Since the scientists don’t even speculate—let alone try to support—any chemical reactions that could have obeyed thermodynamic laws and slowly morphed into life, the hypothesis seems almost entirely worthless. After all, all scientists who believe life spontaneously generated out of primordial chemicals believe that physical forces somehow (that’s the part they can’t explain) self-organized.
The same comments apply when Zyga reports:
Due to random variations stemming from the chemical reactions, some novel compounds may have emerged in the primordial system. Some of these compounds (such as those involving carbon) might have been exceptionally good at creating energy flow, enabling the system to diminish energy differences very efficiently and reach a higher level of entropy. Compounds with these advantages would have gained ground during this period of primitive chemical evolution. But the scientists emphasize that identifying which exact compounds were key players during this period would be very difficult to determine.
This sort of evolutionary storytelling is simple enough that it doesn’t even require a Ph.D. nor any scientific tests, but rather just evolutionary faith and an imagination. For instance, let’s hypothesize that life originated when chemicals obeyed not the laws of thermodynamics, in particular, but instead the laws of gravity. Perhaps we, too, could publish our speculation in a scientific journal. Obviously it would be an untested scenario, without any supporting evidence; nonetheless, could it be much more absurd than any other unspecific imagining of how the simplest life (supposedly) evolved? And when Zyga points out that the study “focuses on why life emerged, not how,” we wonder how the two could be separated.
Also strange is that the scientists’ idea is centered on life forming to dissipate energy and thus increase entropy within a system—even though life as we know it, and certainly human behavior, involves processes that both increase and decrease entropy.
One of the scientists told PhysOrg, “The most important idea in our study is that there is no distinction between animate and inanimate.

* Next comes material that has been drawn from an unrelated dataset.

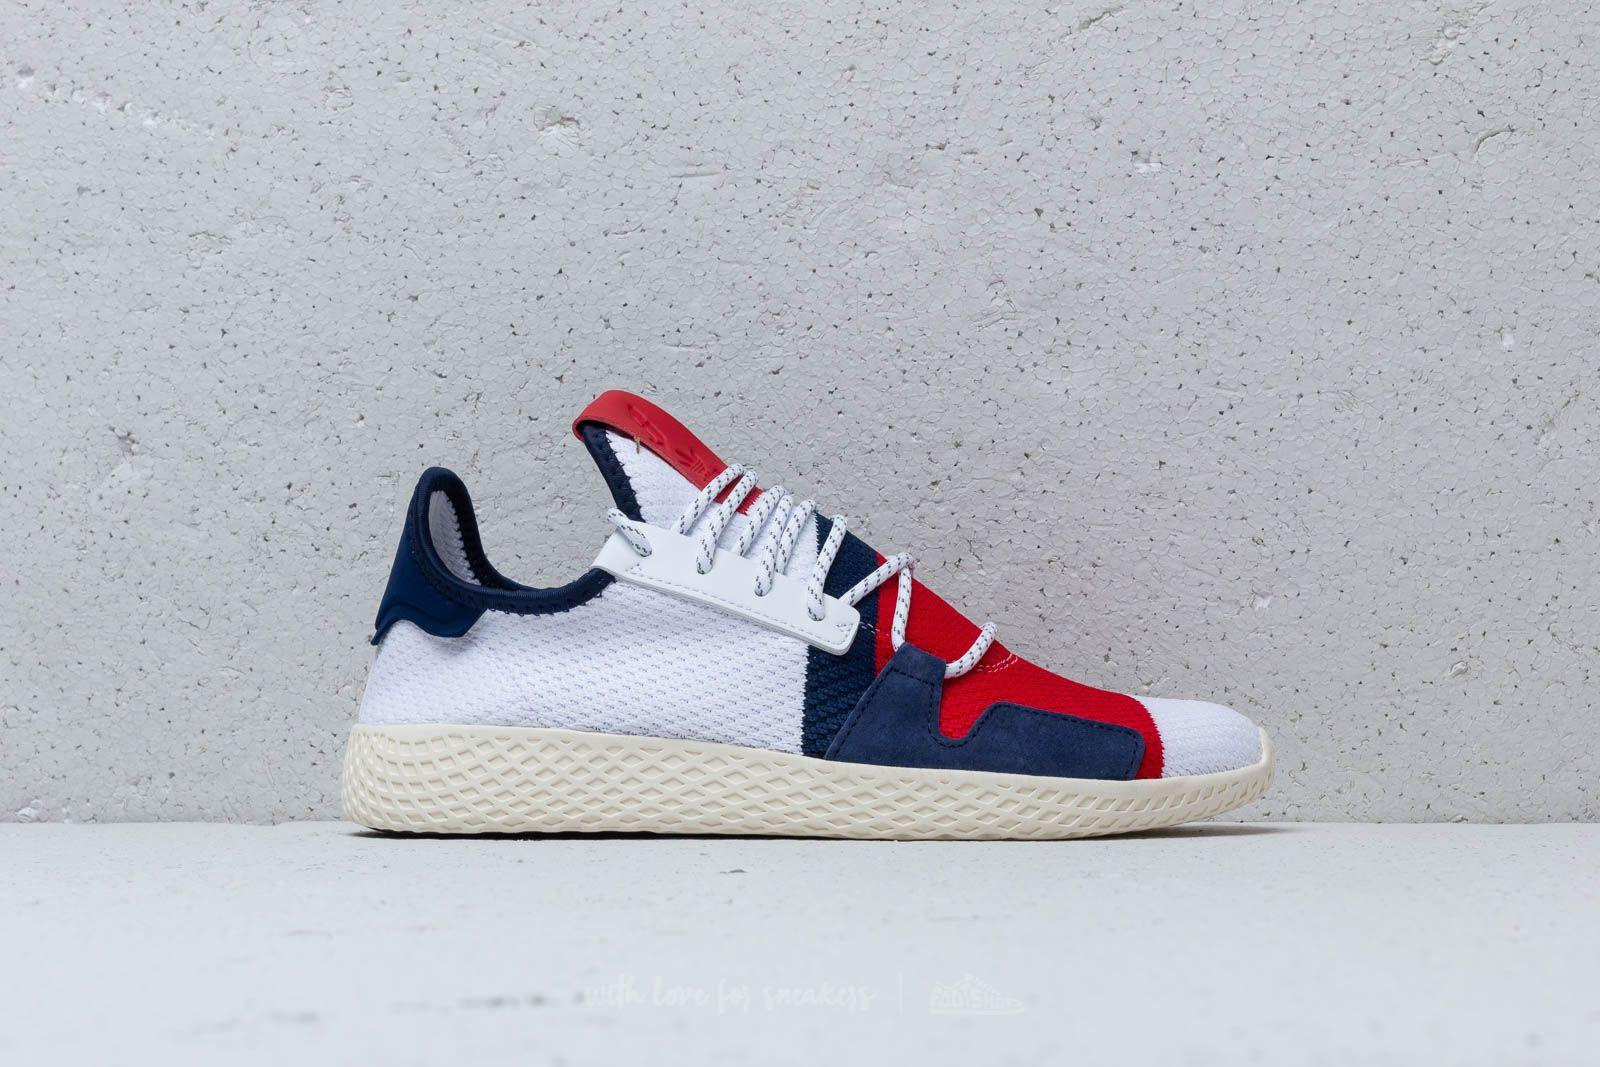 sports shoes 63c50 ebf5a adidas x Pharrell Williams BBC Hu V2 Footwear White  Scarlet au meilleur  prix 130 €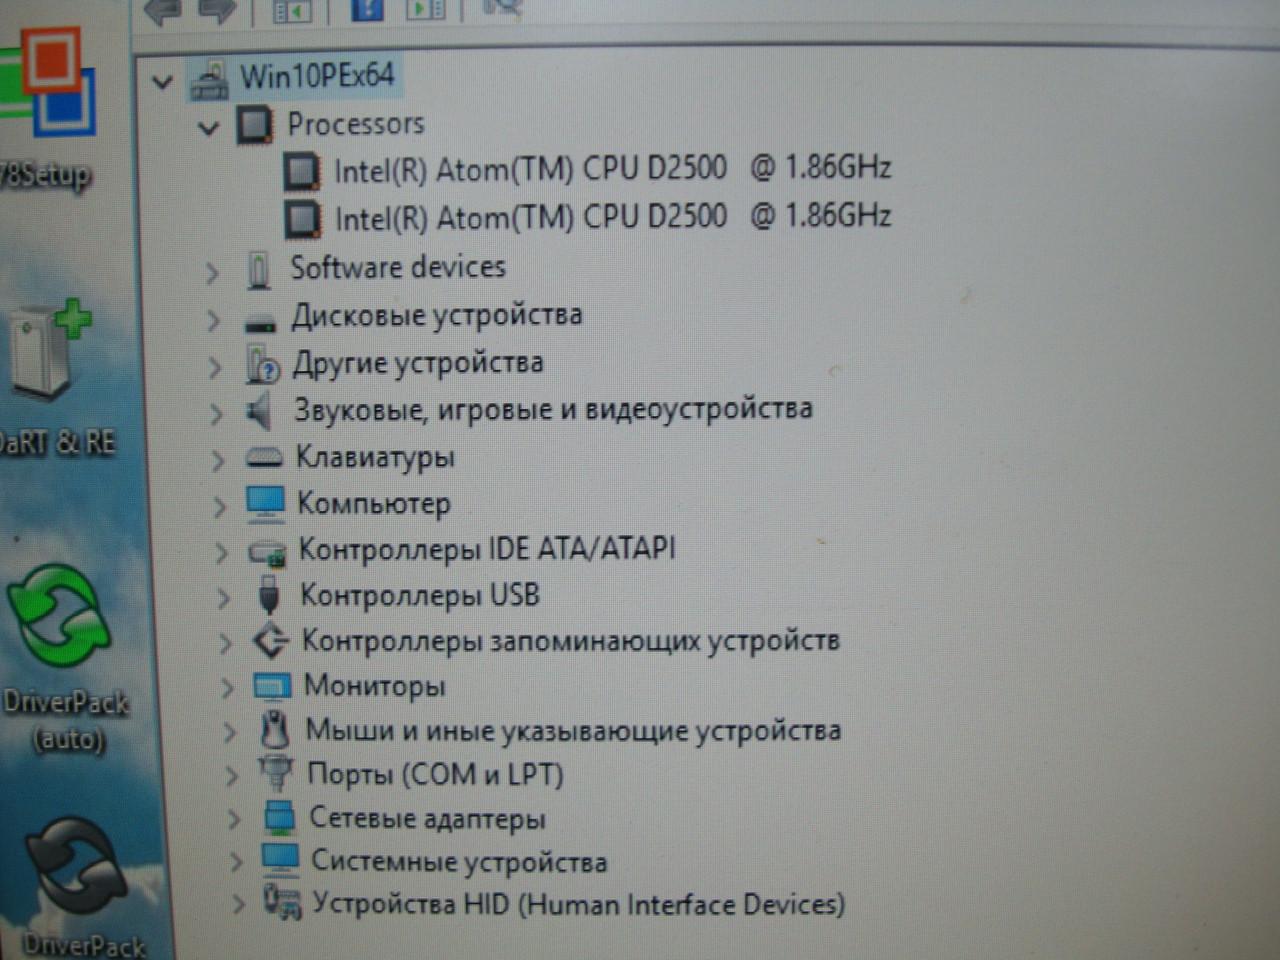 Б/У мини пк Patriot Optim mini (rim 2000)

Processes of life are, in their principles, no different from any other natural processes.” This also means that our only “purpose,” Zyga explains, is to “redistribute energy on the Earth.”
Sadly, these comments remind us of the 2007 school massacre (motivated by a belief in evolution) in the scientists’ own country. When people believe we are no different than animals, or no different than rocks, what authoritative code of morality could they possibly accept, and why? And if our only purpose is to redistribute energy, is all the rest of human behavior just a strange and meaningless accident? Sadly, under the influence of Darwinism, this attitude only continues to expand.